Well there's one thing wrong with your code to start with, if you're counting the number of calls to Receive which complete: you appear to be assuming that you'll see as many Receive calls finish as you made Send calls.
TCP is a stream-based protocol - you shouldn't be worrying about individual packets or reads; you should be concerned with reading the data, expecting that sometimes you won't get a whole message in one packet and sometimes you may get more than one message in a single read. (One read may not correspond to one packet, too.)
You should either prefix each method with its length before sending, or have a delimited between messages.
It's definitely not TCP's fault.

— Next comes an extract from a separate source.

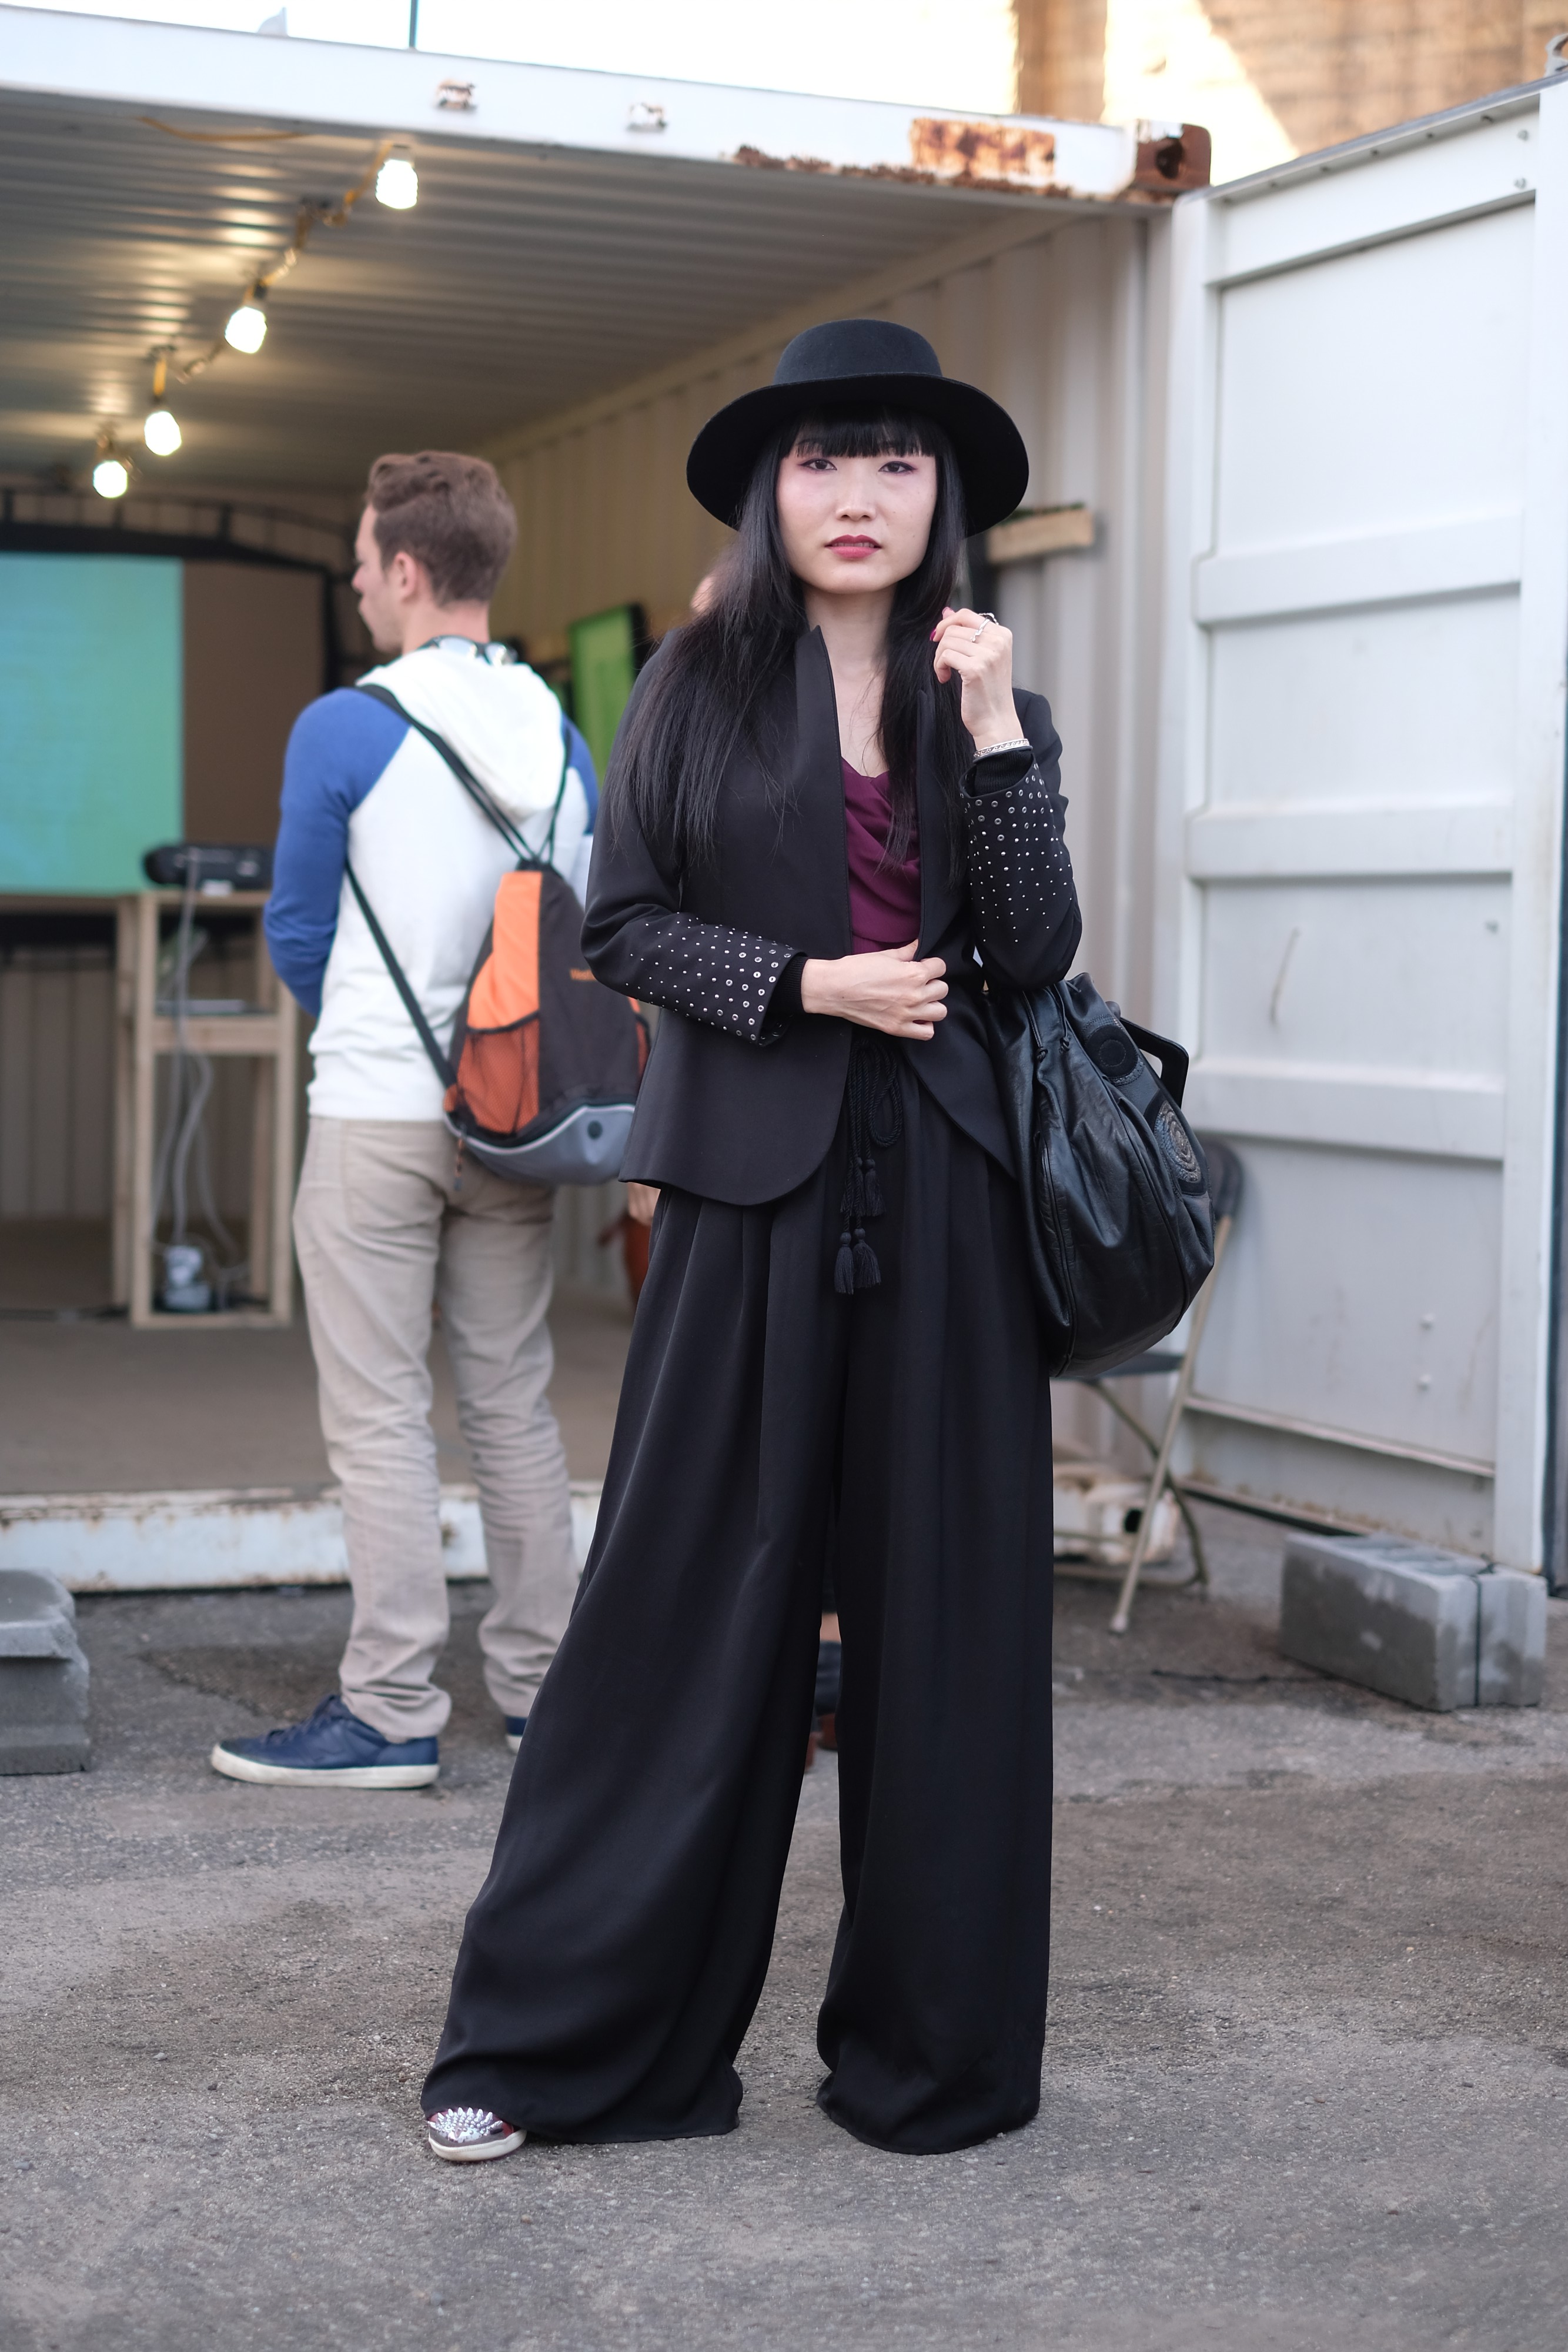 Japanese girl in black outfit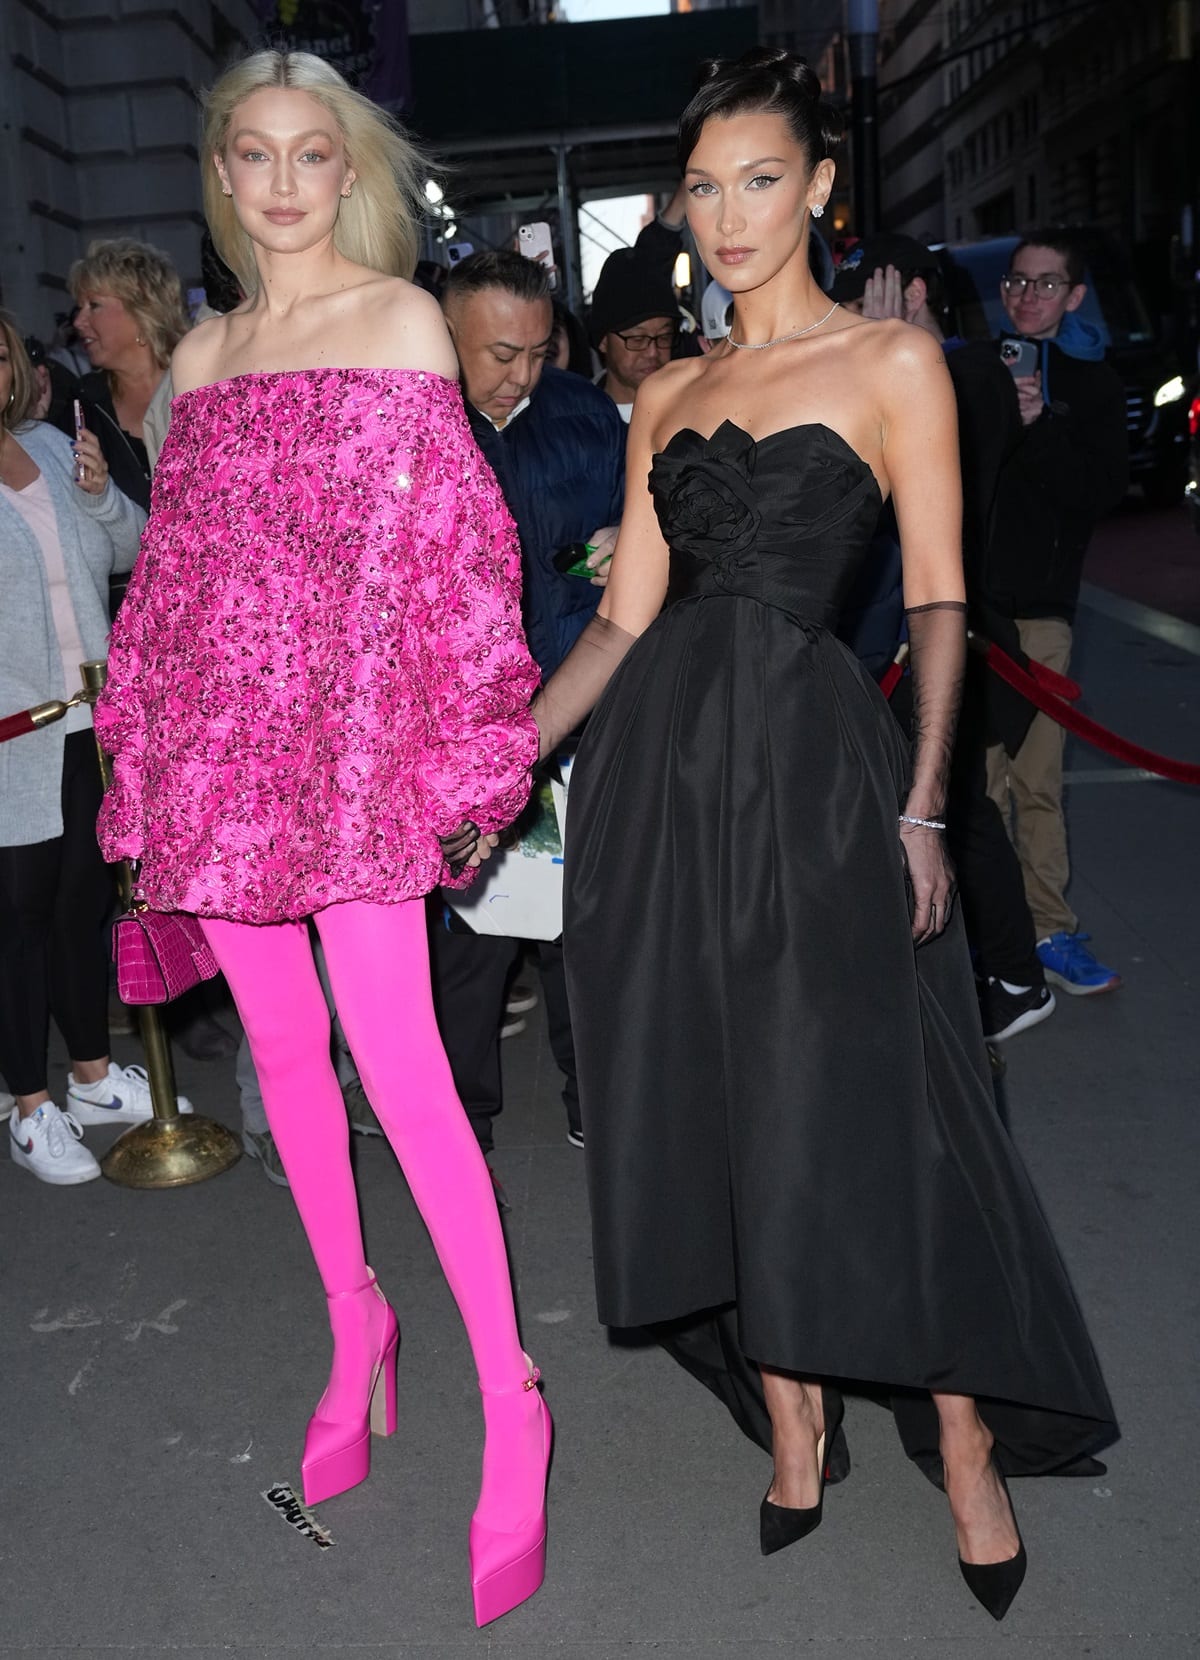 At the 2022 Prince's Trust Gala held at Cipriani 25 Broadway in New York on April 28, Gigi Hadid, with her height of 5ft 9 ¼ inches (175.9 cm), was notably taller than her sister Bella Hadid, who stands at 5ft 8 inches (172.7 cm)

TCP guarantees in-order, exactly-once delivery.
Which strings are "missing"? I'd wager it's the last ones; try flushing from the sending end.
Moreover, your "protocol" here (I'm taking about the application-layer protocol you're inventing) is lacking: you should consider sending the # of objects and/or their length so the receiver knows when he's actually done receiving them.
How long are each of the strings? If they aren't exactly 1024 bytes, they'll be merged by the remote TCP/IP stack into one big stream, which you read big blocks of in your Receive call.
For example, using three Send calls to send "A", "B", and "C" will most likely come to your remote client as "ABC" (as either the remote stack or your own stack will buffer the bytes until they are read). If you need each string to come without it being merged with other strings, look into adding in a "protocol" with an identifier to show the start and end of each string, or alternatively configure the socket to avoid buffering and combining packets.